La prévention des blessures chez les enfants est une thématique centrale qui fera l’objet d’un article dans les prochaines publications. Il faut bien faire la différence d’ores et déjà entre les maladies de croissance (Sever, Osgood-Schlatter…) et les blessures à proprement parler, comme les entorses par exemple, qui peuvent toucher très (trop) tôt les enfants et les éloigner des terrains. Ceci a souvent des influences sur la progression de l’enfant, mais aussi son sentiment d’appartenance au groupe (les autres progressent sans lui) ou encore sur sa propre image.
Le rôle de l’encadrement et ses choix doit faire l’objet d’une réflexion de fond et ne peut être traité dans un article, car il doit tenir compte :
  • du bassin de population et de sa culture sportive,
  • du club et de sa culture,
  • des encadrants et leur culture.
Nous pensons, quitte à choquer, que les enfants et les parents peuvent entendre à peu près toutes les versions que le club pourra leur donner à condition qu’il n’y ait pas de changements en cours de saison.
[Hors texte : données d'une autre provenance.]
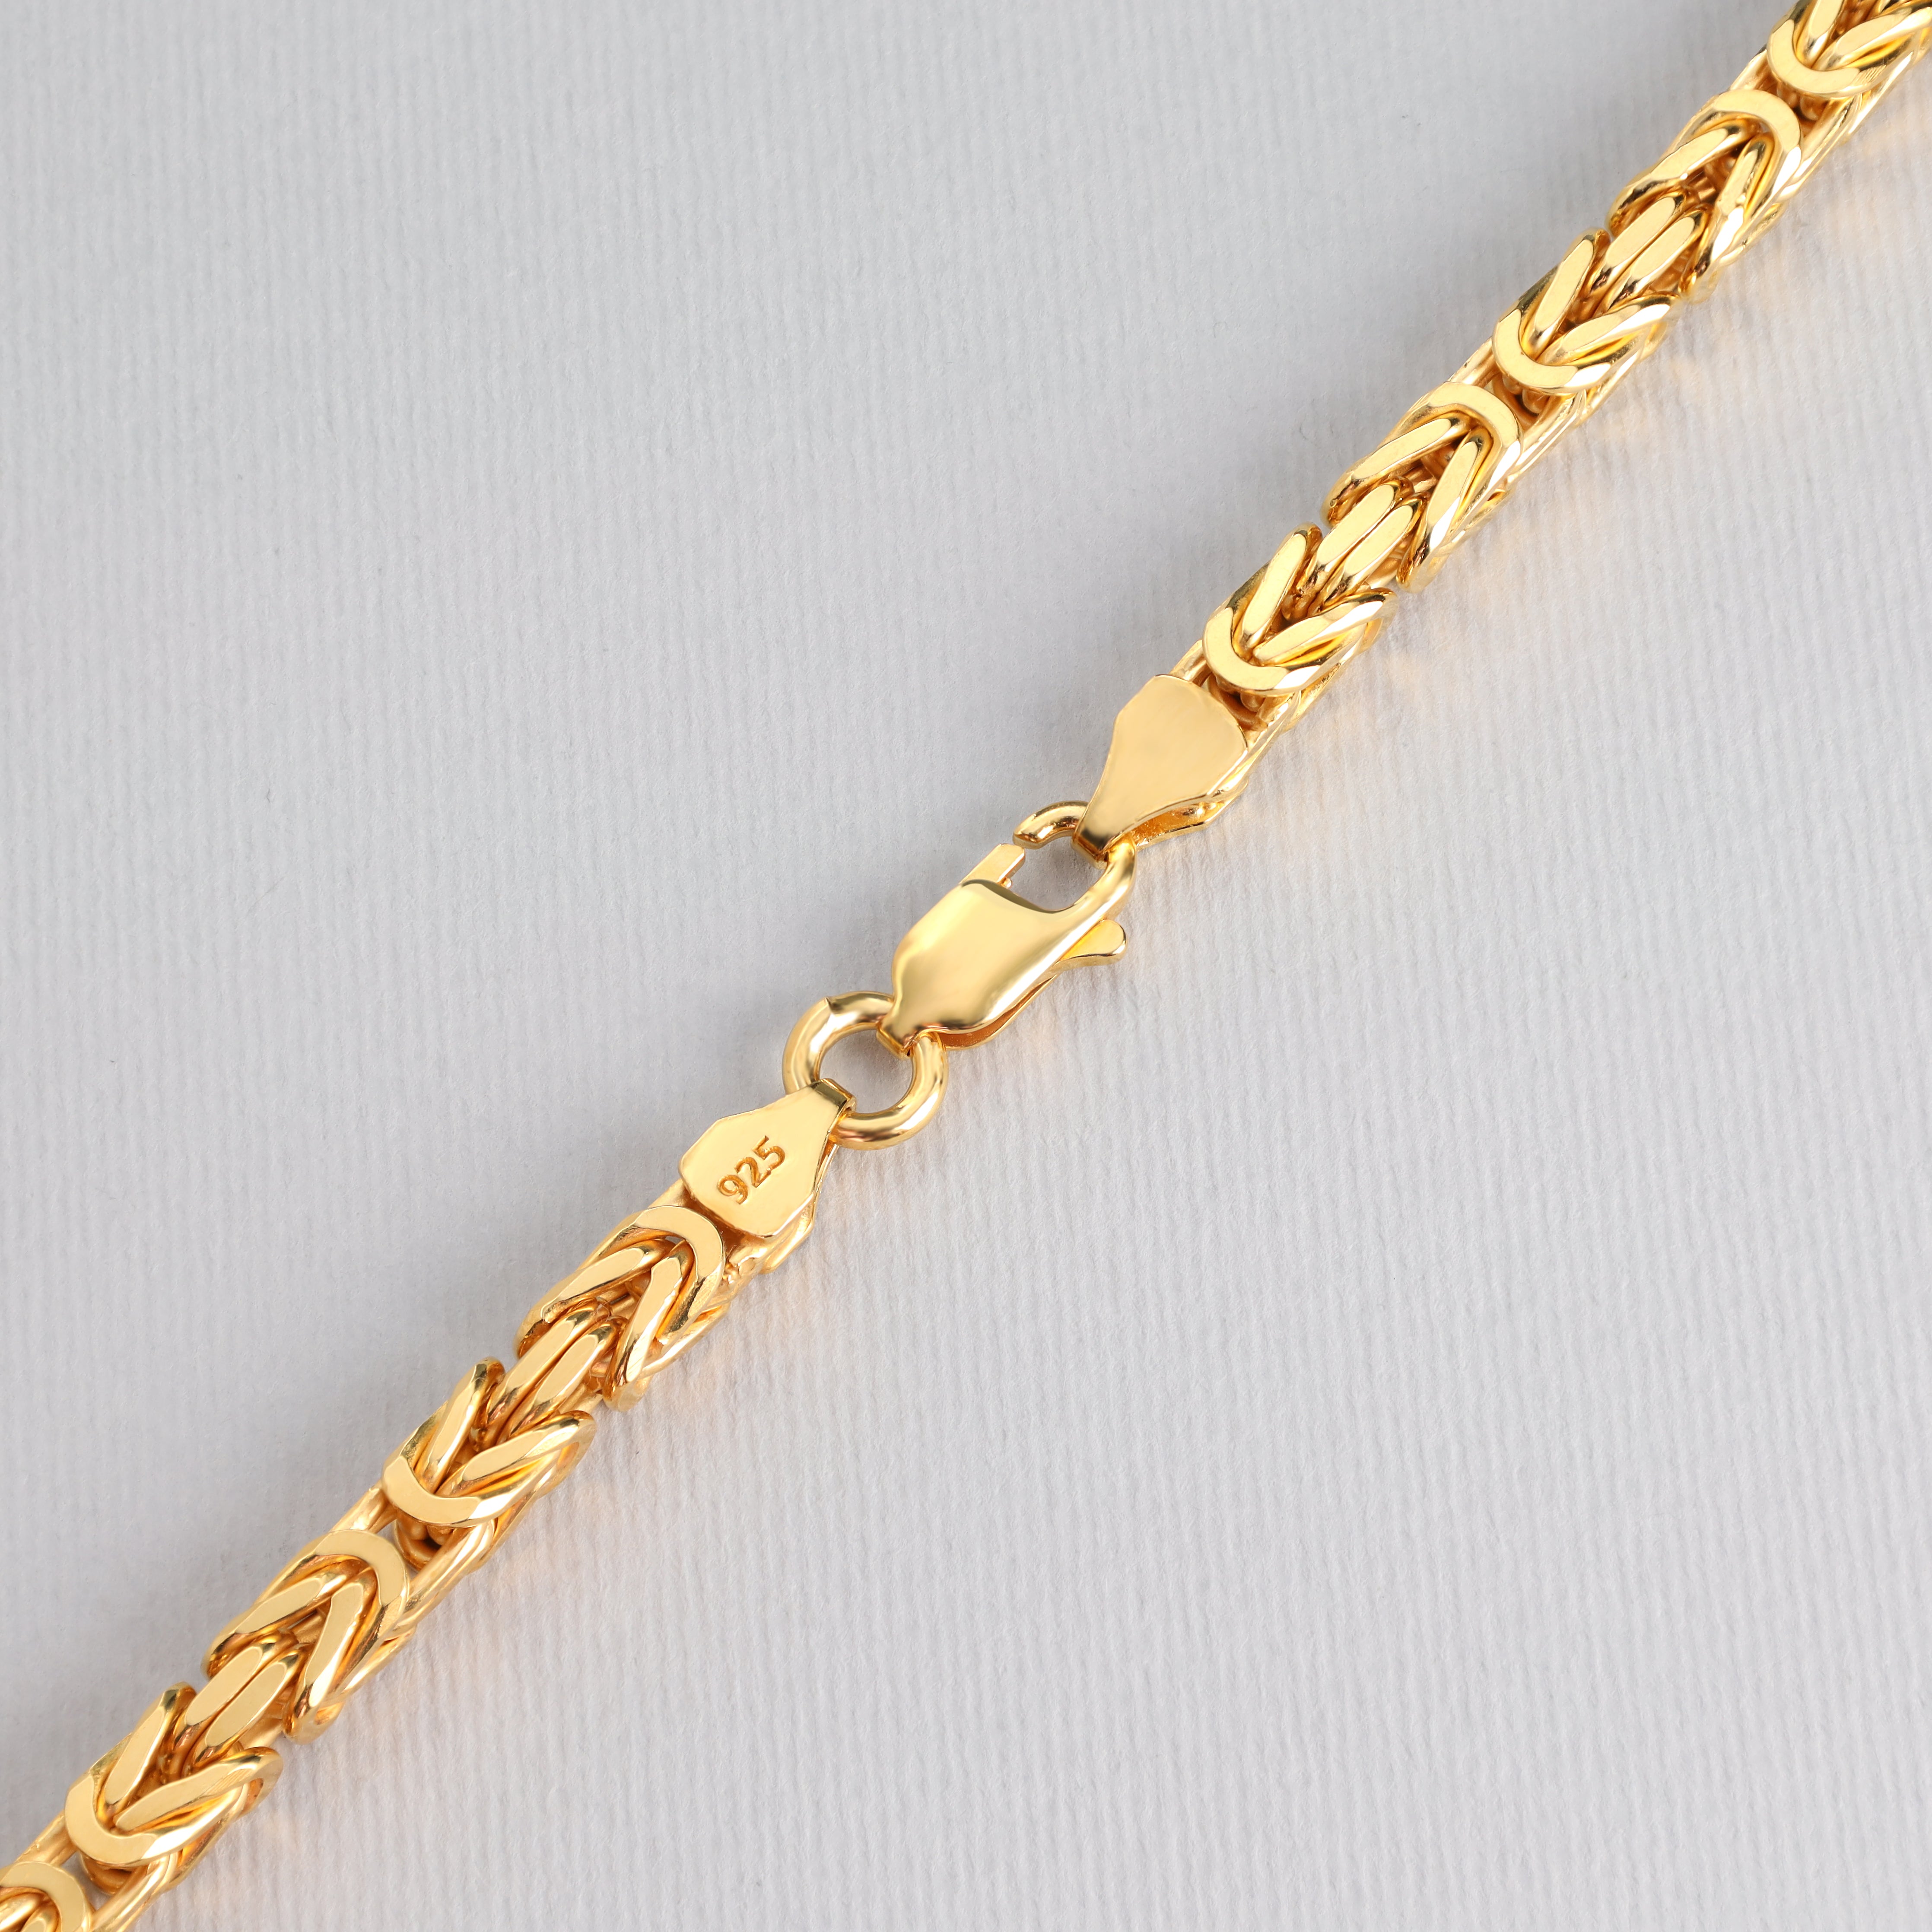 Königskette vierkant vergoldet 5mm breit 65cm lang 925 Sterling Silber (K944G) - Taipan Schmuck

Par exemple, il peut exister deux manières d’appréhender un club formateur :
  1. vouloir former de la masse, en privilégiant un temps de jeu conséquent et équilibré pour chacun des joueurs présents dans les équipes d’enfant,
  2. vouloir former les joueurs selon leur potentiel, c’est-à-dire en privilégiant ce qui semble avoir le plus de chances de devenir des joueurs de bon niveau, dans ce cas, ces derniers joueront plus, voire beaucoup plus que les autres.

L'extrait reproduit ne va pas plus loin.